The time interval after conception and before birth is called the gestation period. In human obstetrics that is fetal age plus two weeks. I don’t fully understand the two weeks, but a poem has a gestation period too. Mine begins when a word or sentence makes its way into my head-space. Then, it rambles down my mind’s winding corridor and ends in this small notebook. I have three poems sharing space in that womb of creativity.
Some pieces are written out onto a page.
Some scribbled on plain white note cards.
Some arrive inside this rubber-banded book on scraps of paper or napkins.
I am not a poet (although that has never stopped me from trying). I fancy myself more a collector of thoughts. The world often assaults me with its noise, but at other times it caresses me with a sentence or two so filled with truth that I am stopped dead in my tracks. Occasionally an idea comes in a dream and if I haven’t written it down, it haunts me all day. A faceless, silent taunting.
I’ve been just devouring Devotions, the latest compilation of poetry by Mary Oliver. Her words seem to always make a perfect sense. I always wonder about the process of others. I imagine that for these great poets the words are effortless and fall onto the page like they have always belonged. There. Together. And we read them while shaking our heads in agreement, thinking “yes, of course” …” But then I read some more of Mary Oliver and realize it doesn’t happen like that at all.
MY words are saying “really ??”
Creative work is hard. You’d have to be an artist of some kind to understand the truth of that. You can’t just schedule a time and expect the creative juices to be flowing. ( Well, I can’t. ) I need spontaneity like I need air. And when the inspiration hits, I need the freedom to follow it to its natural conclusion. Sometimes it’s as if my mind has gone speeding off into the void. Sometimes I make it safely through that tunnel and sometimes I crash and burn. Those fiery expressions are like “the one that got away”. Or the perfect sentence that vaporizes right before your sleepy eyes as you wake from a dream. I can almost see you now … shaking your head in agreement. “Yes, creative work is not for sissies and definitely not for the lazy. ”

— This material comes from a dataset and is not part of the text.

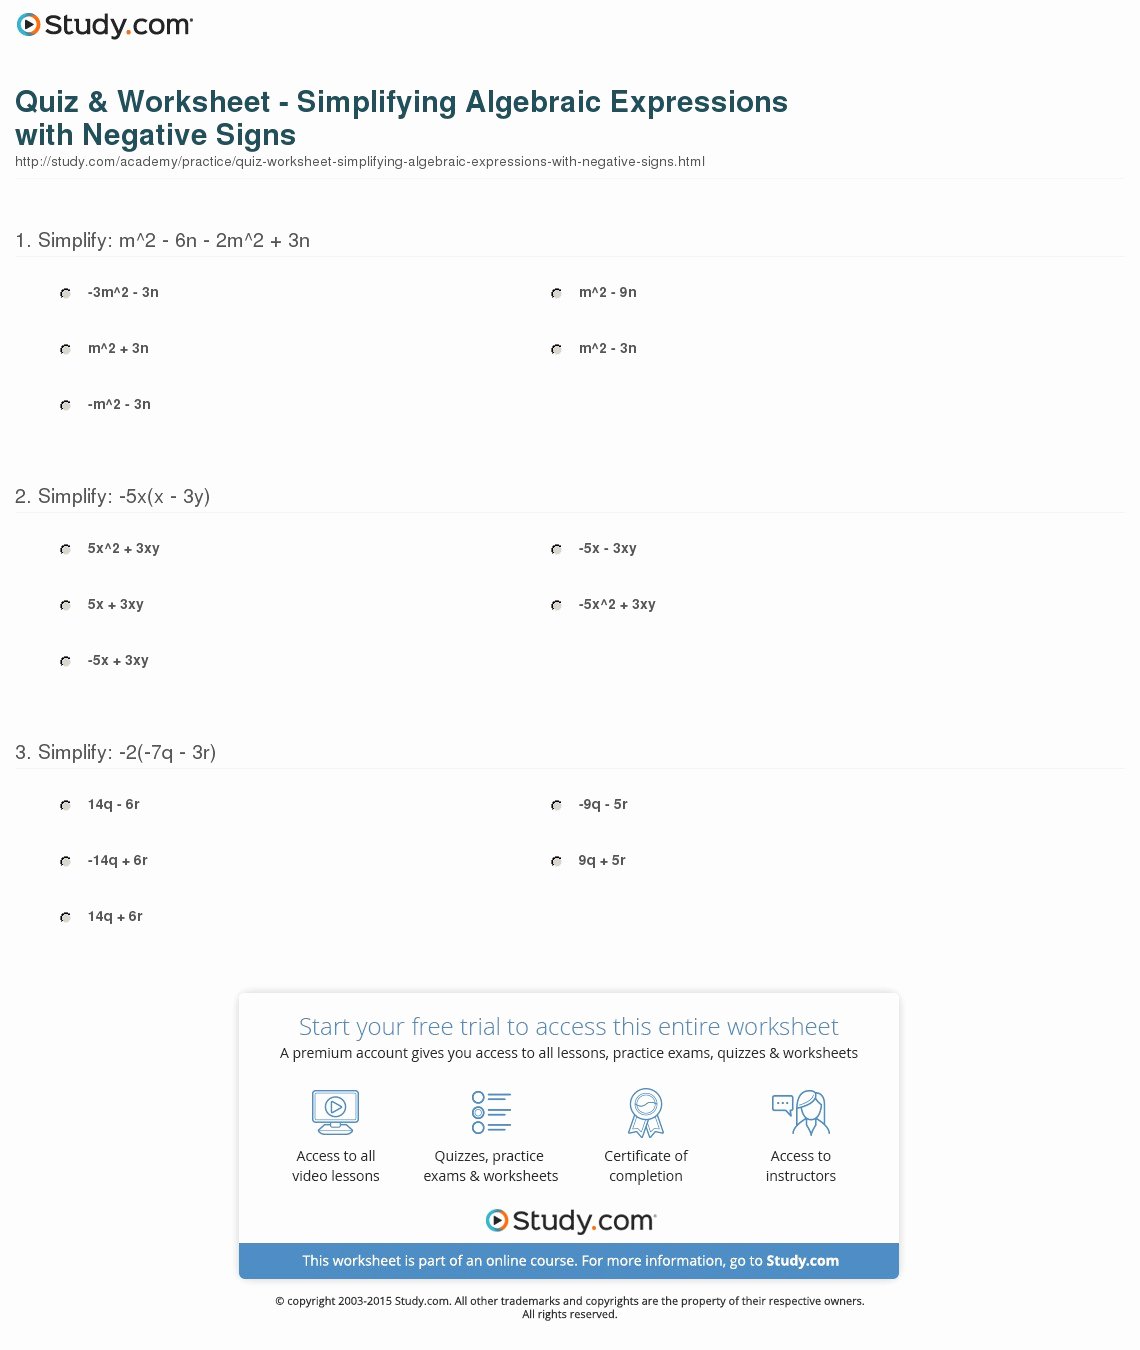 Simplifying Linear Expressions Worksheet Elegant Quiz &amp; Worksheet Simplifying Algebraic Expressions with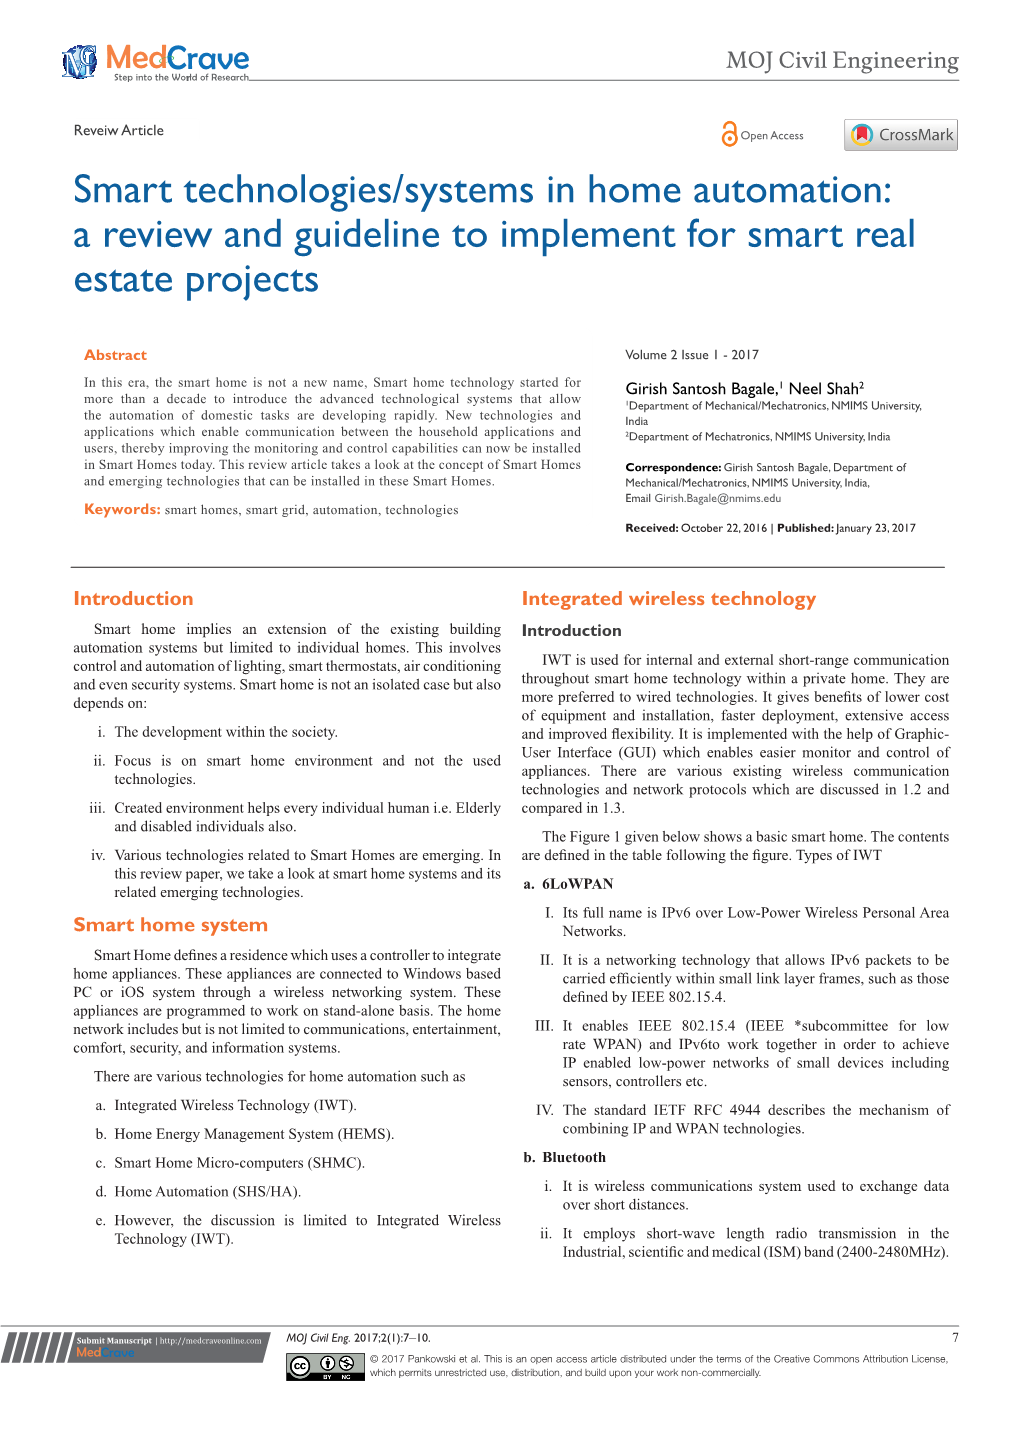 A Review and Guideline to Implement for Smart Real Estate Projects

I am learning to be an observer in my own life and write from that place. It’s messy work, trying so hard to not try so hard. I have many crumpled sheets in that wastebasket from the times I exhaust myself trying to say a simple thing. When I try to write a poem it really helps me to learn about my own need for word economy. If my first draft is 50 words, my final draft will be half that. I’m actually enjoying the sharp, bone-jarring turns of this learning curve.